# Continuing with high school... again!



## PsyKat (Sep 25, 2007)

After 11th grade ended I moved out on my own, the loneliness in that took a huge toll on me and I ended up not going back to school. So last year, I signed up for an online high school, planning on finishing it. It was awful, I had zero motivation to do any work, and I would go several days at a time without even logging in. It really surprised me how much easier it was to slack off when you're not going to a physical school every day!

Ever since I called it quits I've been feeling rather low. I see all of these younger kids talking about their college courses, and it scares me that I could really get to be old and still not even have a stinkin' diploma!

Anyway, just a minute ago, I signed up for another online high school. I'm going to mail in the official forms tomorrow. I'm going to demand that my boyfriend pester me about doing schoolwork every day so I don't slack off, and I'll also have this thread as a pusher  I really want to do this. Ahh, I'm so excited. Wish me luck! :boogie


----------



## strawberryjulius (Jun 28, 2009)

Good luck!


----------



## rcapo89 (Jun 3, 2009)

Good luck! I hope you succeed with all your goals in life.


----------



## slyfox (Nov 18, 2007)

Bumping to keep you pushed  hope it goes well.

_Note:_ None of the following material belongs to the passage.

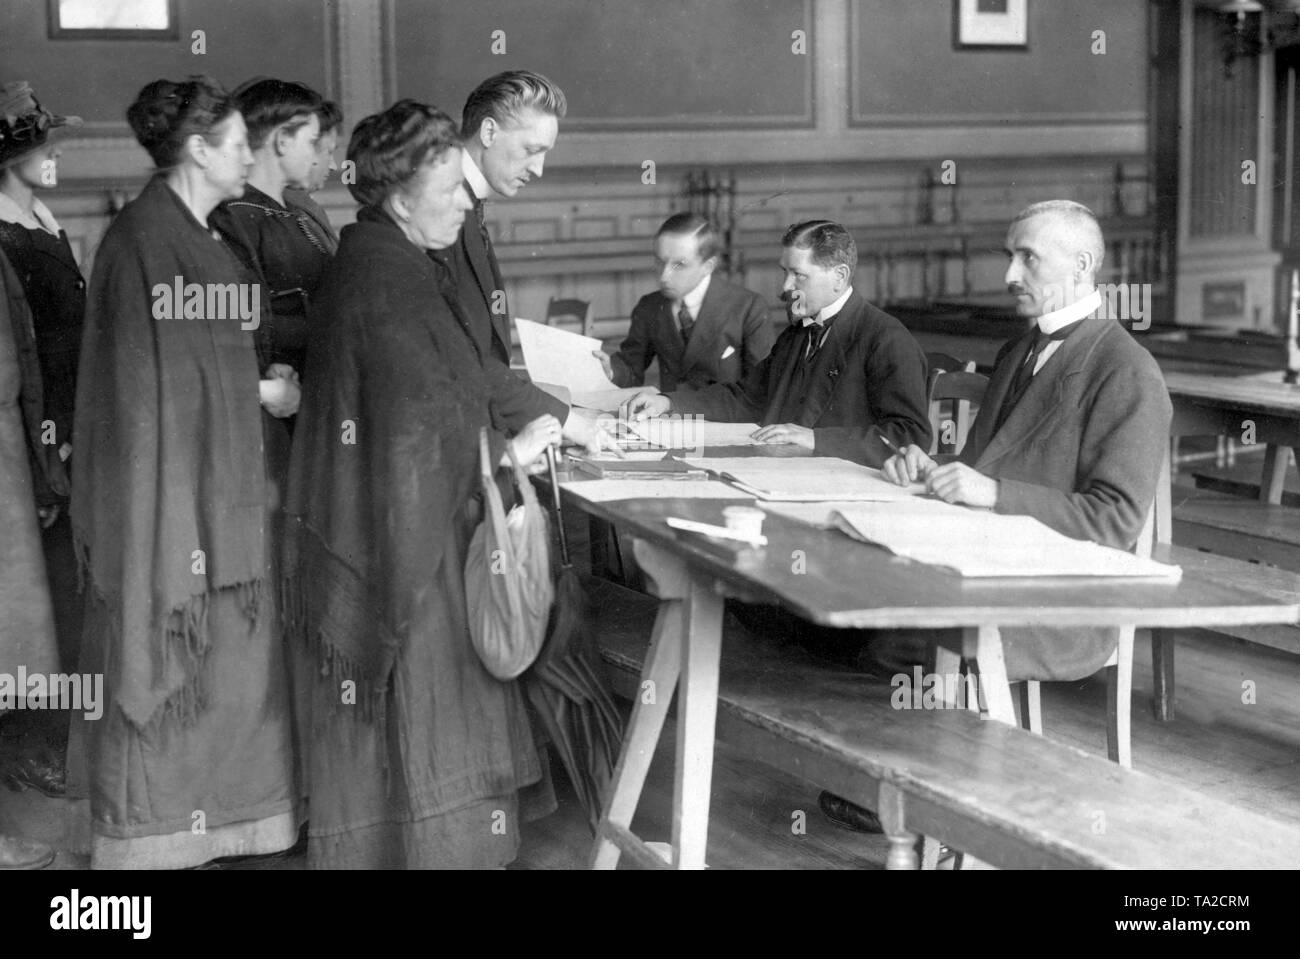 Stazione di polling a Berlino, dove numerose donne sono registrati come elettori nelle liste di voto. Per la prima volta nella storia tedesca, le donne avevano il pieno voto attivo e passivo a destra qui in occasione delle elezioni per l Assemblea Nazionale il 19.1.1919. Foto Stock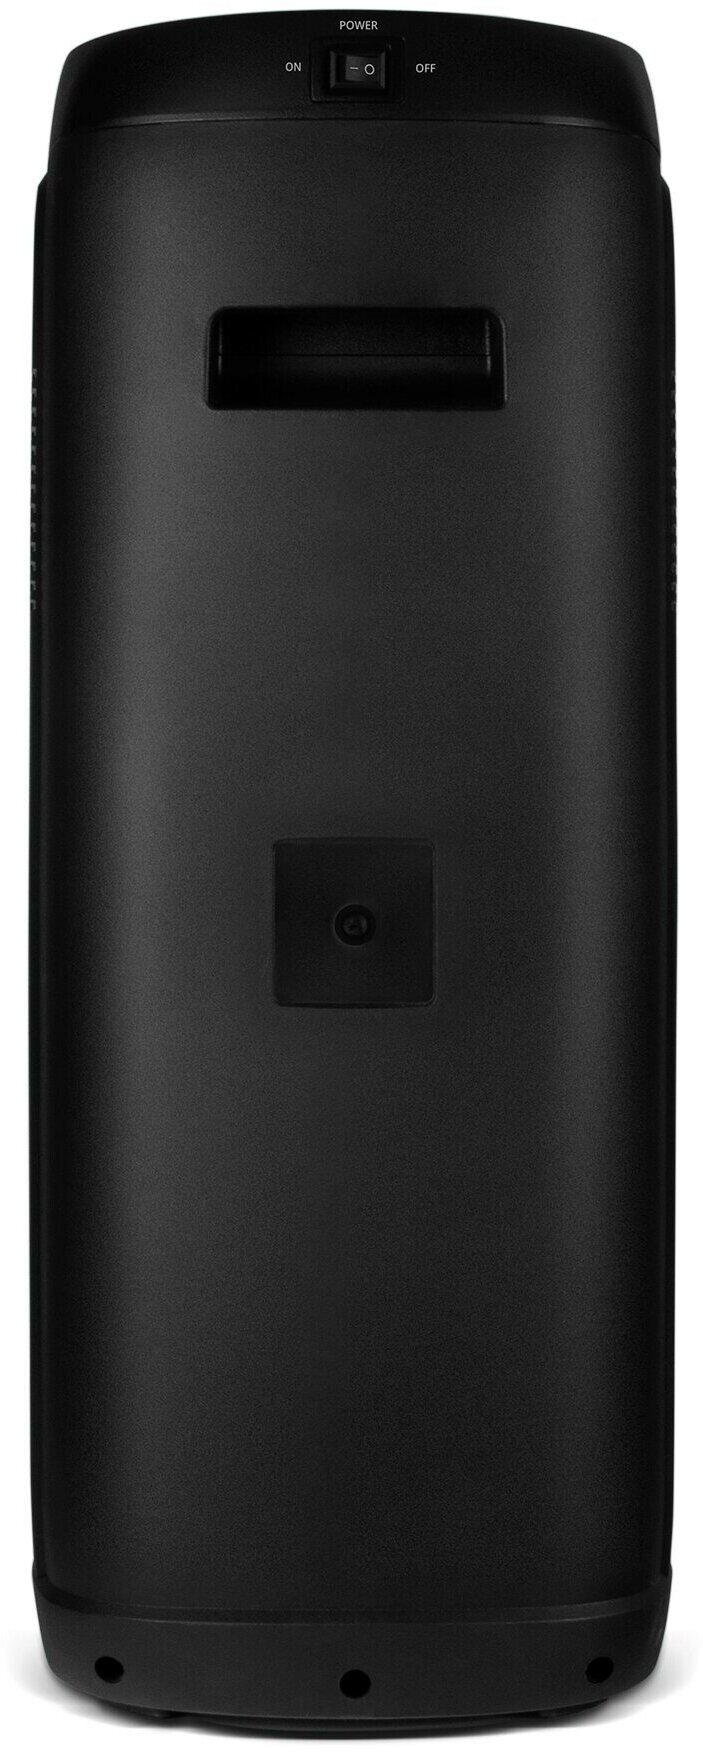 Мобильные колонки SVEN PS-770 2.0 чёрные (2x50W, mini Jack, USB, Bluetooth, FM, micro SD, NFC, LED-дисплей, ПДУ, 4400 мA, LED подсветка)

Good luck


----------



## Atari82 (Jan 19, 2010)

*Good Luck*

Good Luck, and never give up on your goals 
cause whatever the problem KNOW that there is something inside of you greater than any obstacle in life. :yes


----------



## haikupoet (Feb 9, 2010)

You may want to look into the National External Diploma Program https://www.casas.org/home/?fuseaction=nedp.welcome if you do not find the online high school satisfactory. This program is individualized and you get a real diploma. You may need to be 21 to participate.


----------